■ **EXERCISE REQUIREMENTS**
Should the listing contain images, exclude them; give the rest again exactly.

■ **COLLECTED DATA**
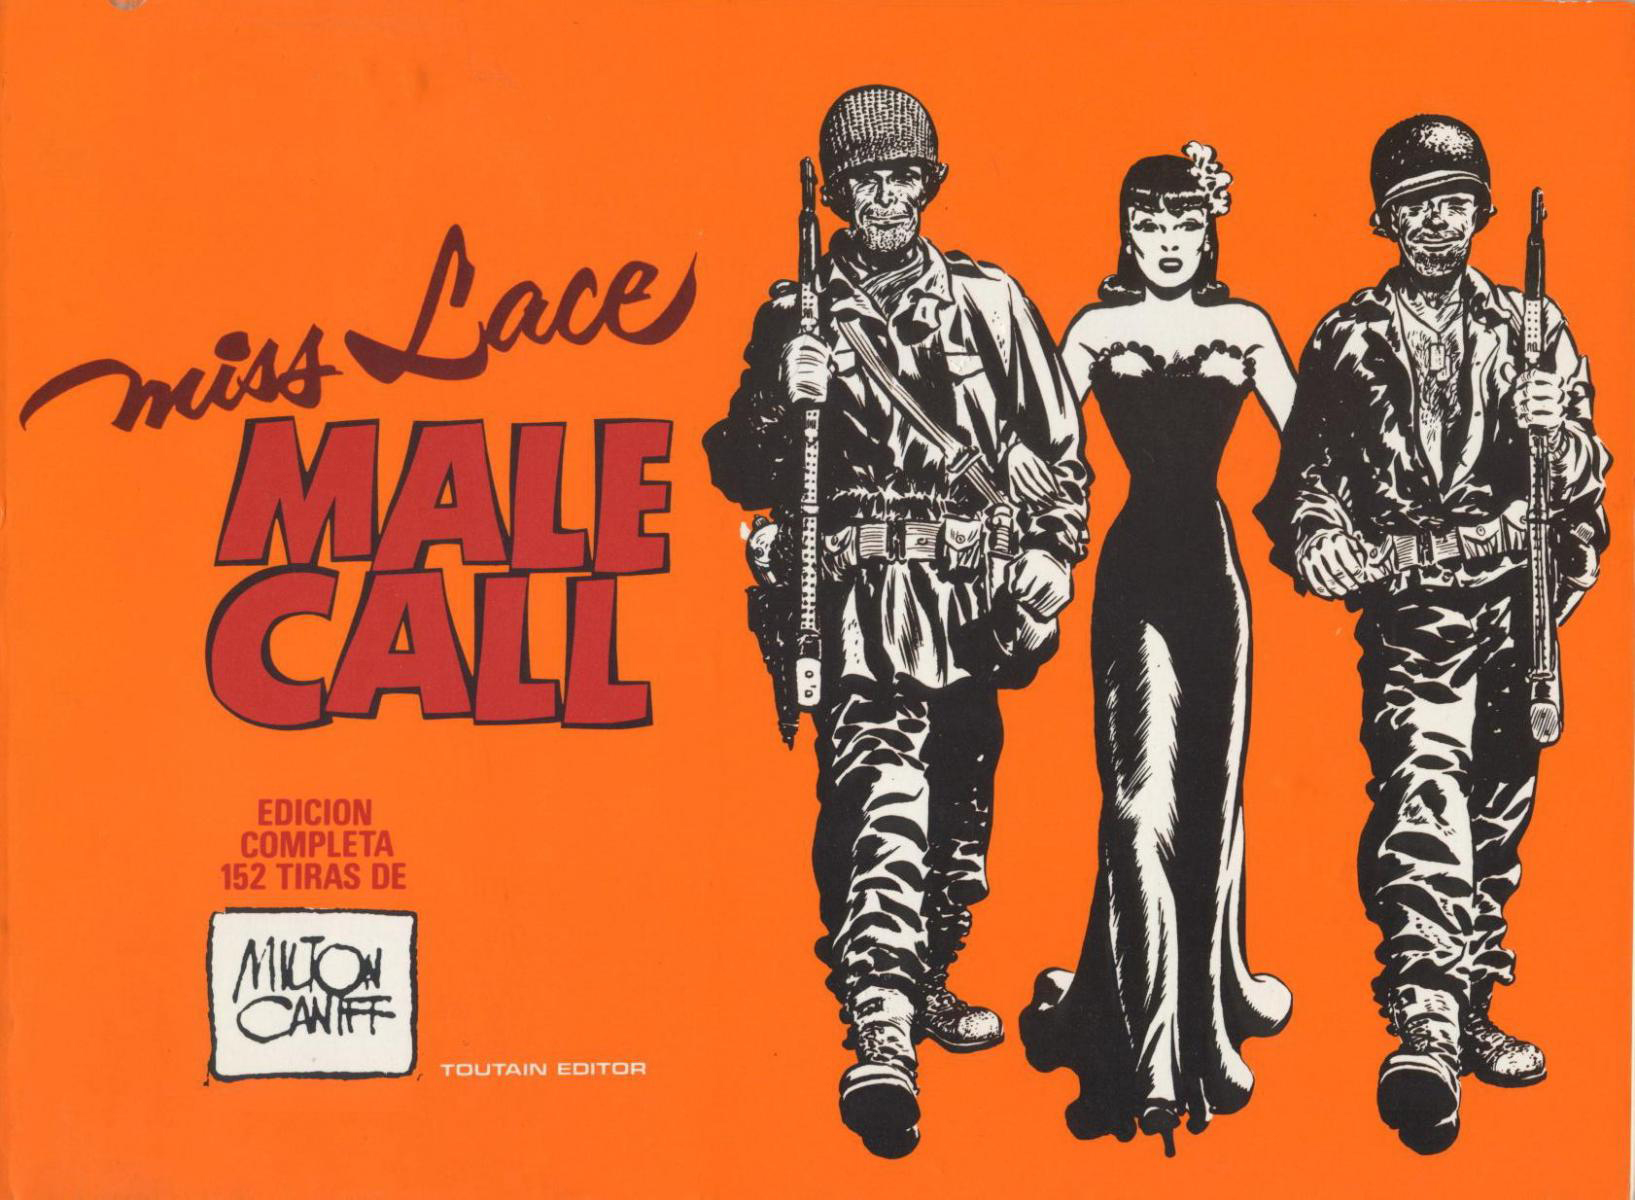 Miss Lace Male Call  1943
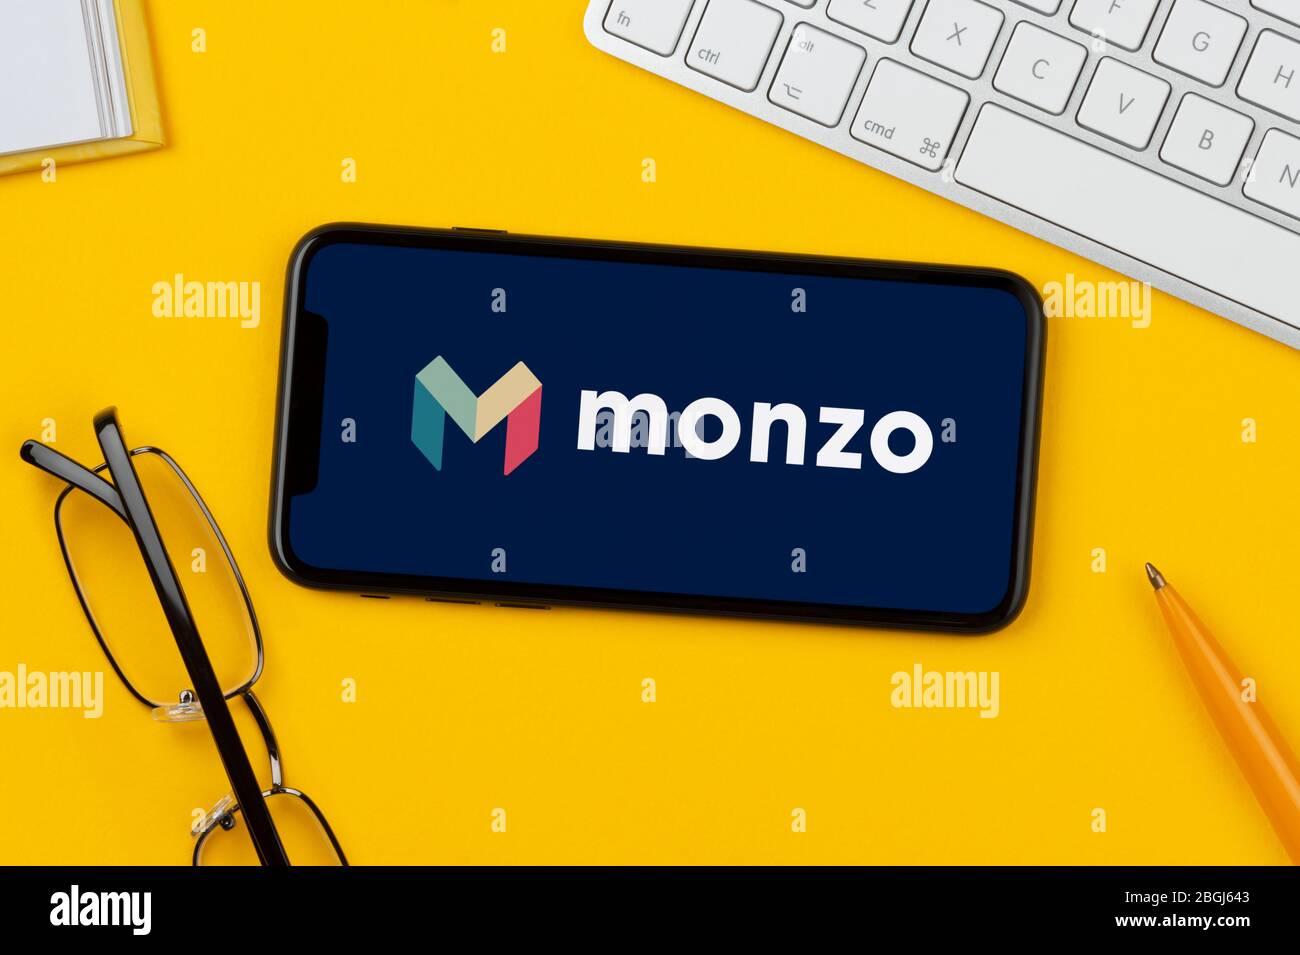 A smartphone showing the Monzo Bank logo rests on a yellow background along with a keyboard, glasses, pen and book (Editorial use only). Stock Photo
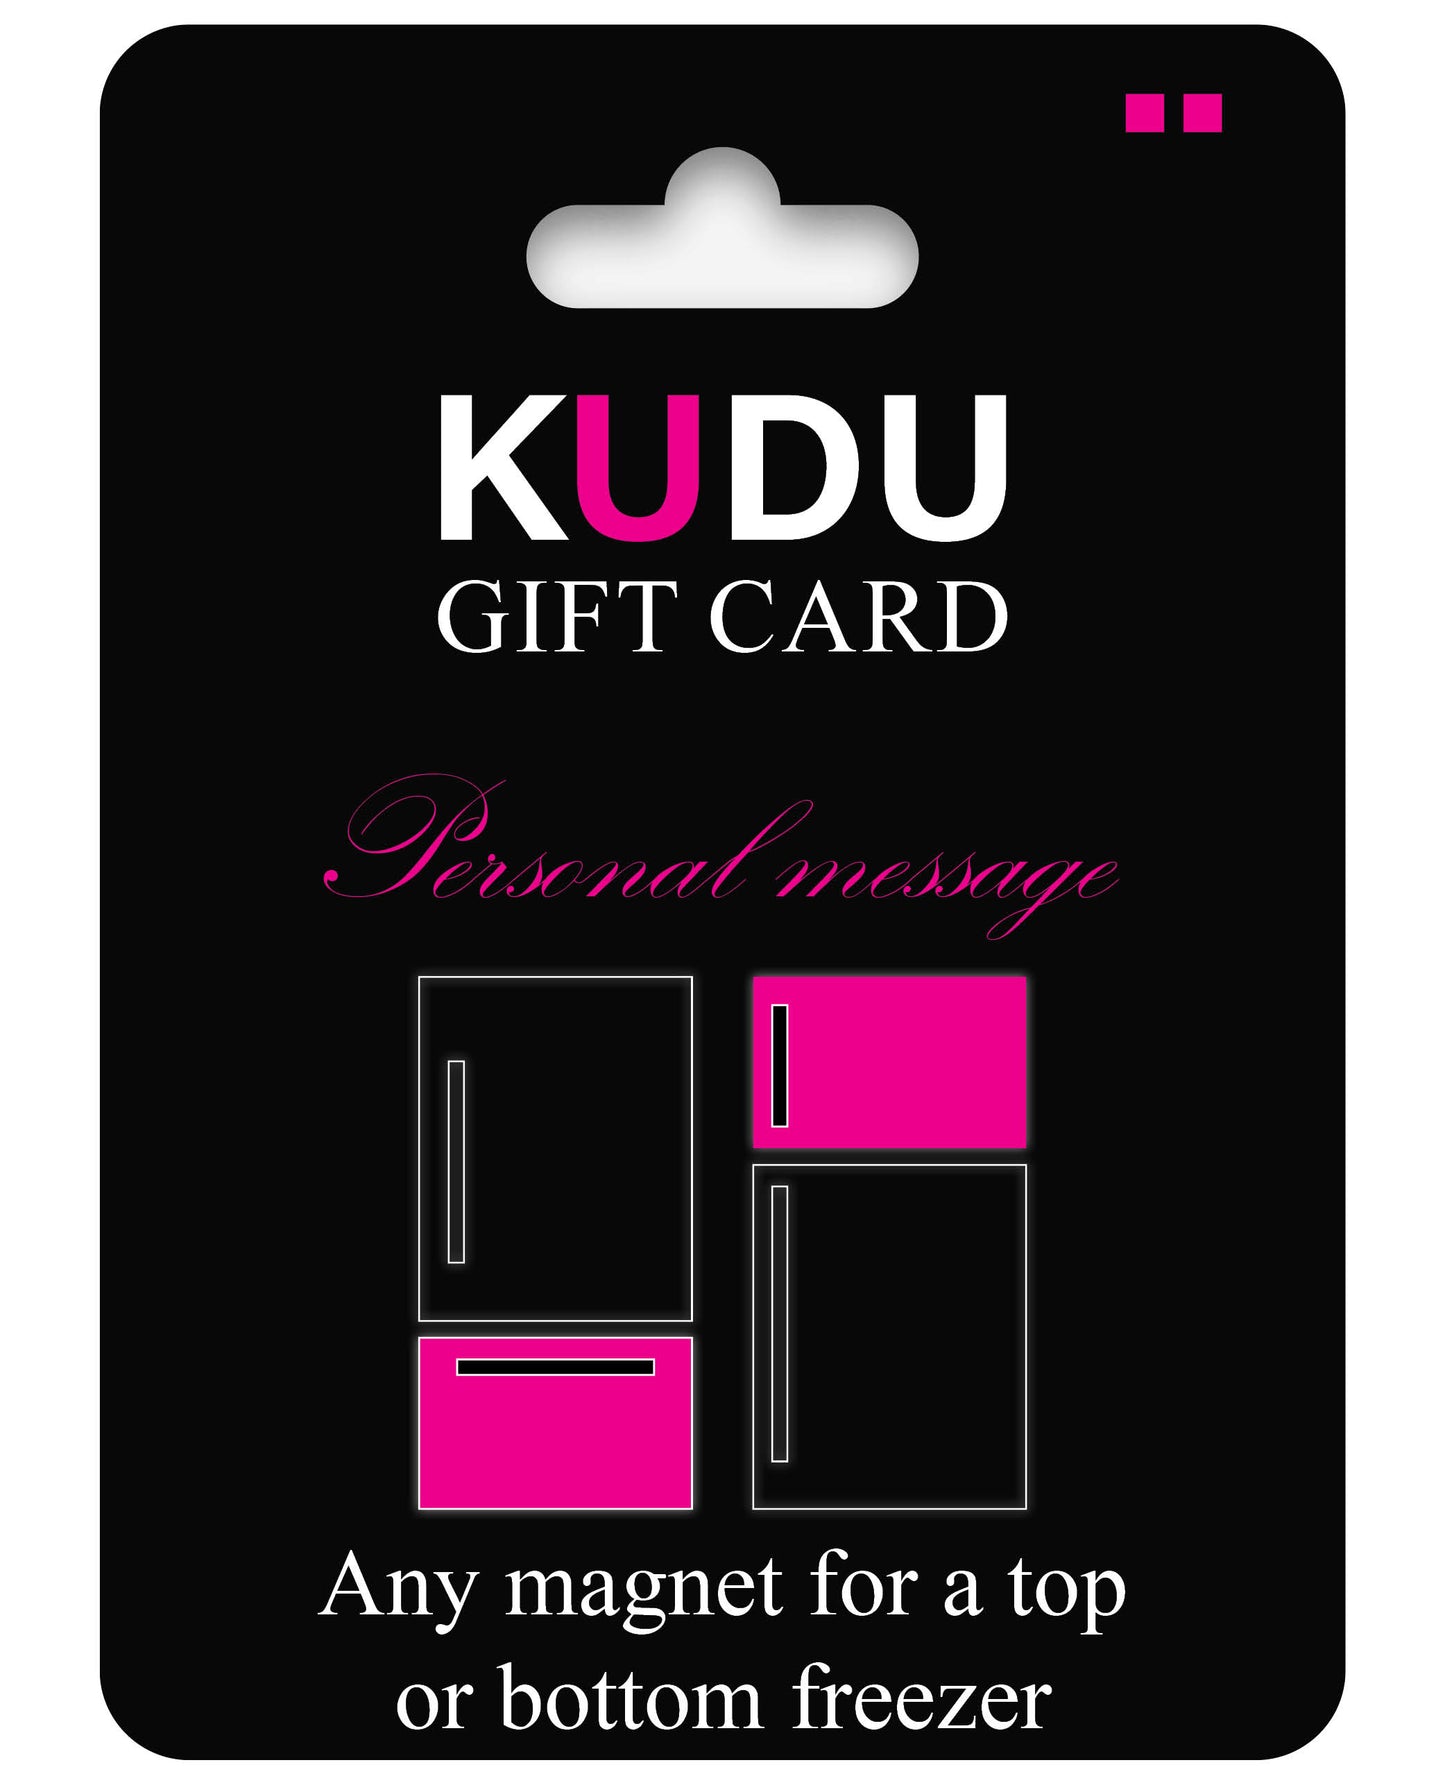 Gift card For any Top or Bottom Freezer Magnet

■ **ANSWER SECTION**
 Miss Lace Male Call  1943
 A smartphone showing the Monzo Bank logo rests on a yellow background along with a keyboard, glasses, pen and book (Editorial use only). Stock Photo
 Gift card For any Top or Bottom Freezer Magnet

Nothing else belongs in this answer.